Moving to a BDC
Accepted an associate position last summer with a BDC, given the current environment would anyone have hesitation about moving to a BDC? Supposed to make the move early Fall. Appreciate any insight from someone in the BDC/credit industry
It’s definitely going to be interesting times for BDCs and middle market lending. You might not see a lot of new underwritings but seeing the workout side of portfolio management is always a good skill set to have. With that said, BDCs are public filers so you can obviously look into the health of the firm / loan portfolio you are joining and adjust your job search accordingly.
Depending on the BDC, would definitely have some reservations. TSLX seems to be pretty well positioned, for example, but sounds like a lot of the other guys will have portfolios that will struggle. All the BDCs are releasing earnings this week / next week, so would dig into some ER reports there if I were you.
EDIT: Wanted to clarify that the commentary below is for Ares Capital Corp.
From what I've read so far, Ares should be well positioned moving forward according to their earnings release. With that said Q2 earnings will be the real test for many of these BDCs and a much more interesting read.
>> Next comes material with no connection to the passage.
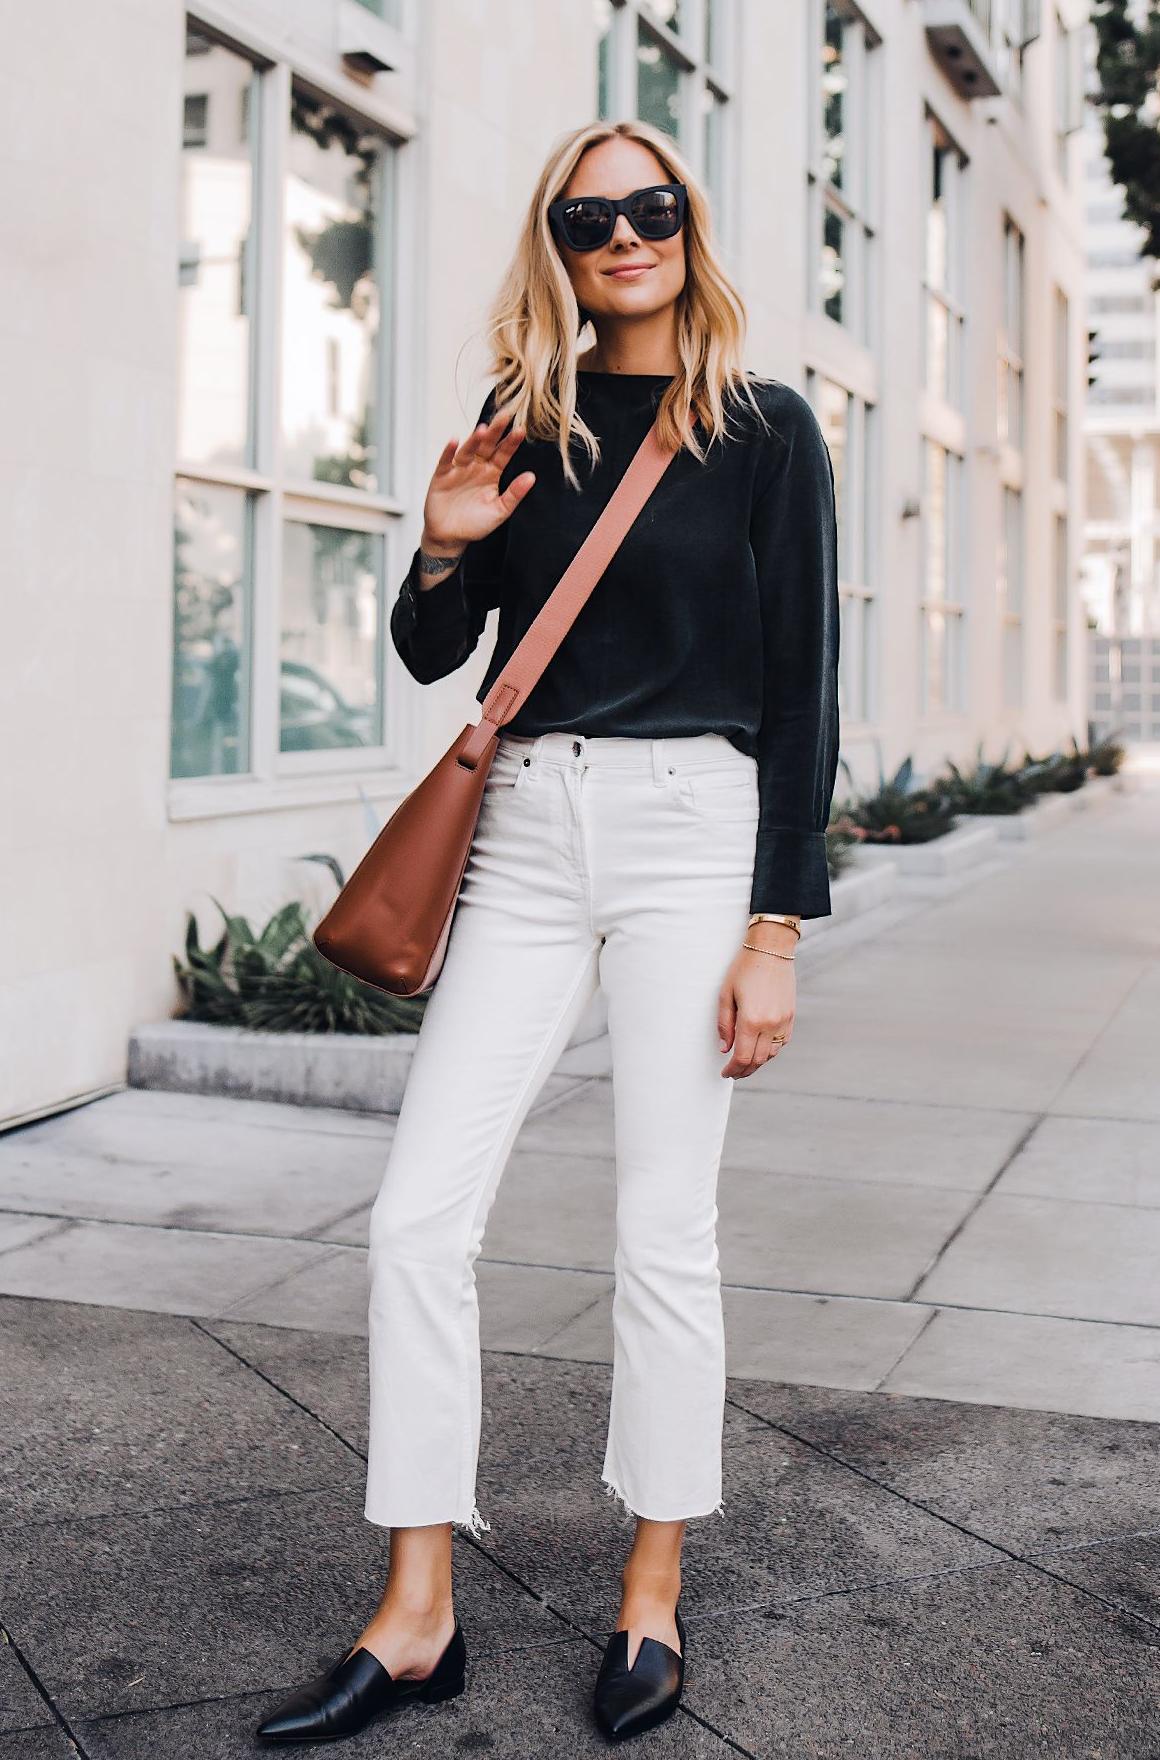 White Jeans For Ladies: Best Outfit Ideas You Should Try 2022

A couple of interesting snippets from Ares' earnings:
Spreads on new business are expected to be at least ~200bps higher than pre-COVID with stronger loan documentation.
Less than 10 of their borrowers have received modifications to loan terms thus far which is pretty impressive.
~3% of borrowers are behind payments at this point.
They bought $100 million worth of common shares which I thought was particularly gutsy on management's part.
Agreed w/ BankCredit that there should be no concerns heading to ARCC.
Hiya. I spoke witha friend last year who mentioned that the PE fund they worked with also had a private credit fund. I recently read that more PE firms are moving into lending. Do you think this will drastically affect the private credit space over the next decade?
Look up what is in their portfolio, but my guess is most BDCs will be doing damage control right now with everyone tripping covenants.
I’ve covered BDCs for several years now, I don’t think this fundamentally changes things between the good and bad ones. I think the good ones you’ll get to see some workout action, and the bad ones have been failing before this and will fail during this. ARCC and TSLX are the two best and consistent BDCs. PSEC and MRCC are two of the obvious worst. share prices are an easy way to tell, but overall destruction of capital over time is the cause.
I don’t think you should be worried if the BDC already had a good rep to begin with. like if you’re going to Owl Rock don’t worry
Can you explain the reasoning for why PSEC and MRCC are the obvious worst?
also curious about why you mention PSEC and MRCC as obvious worsts
take a look at their long term share price. they destroy capital at a faster rate than the other BDCs. their div yields are consistently higher than the best in class names signaling they’re not sustainable and capital will be destroyed (share price) in the process of you getting those yields. a BDC has to dividend out almost all its income so the only way for the share price to go is down unless you run an amazing ship and people are willing to pay premiums over NAV and you can issue new shares above NAV.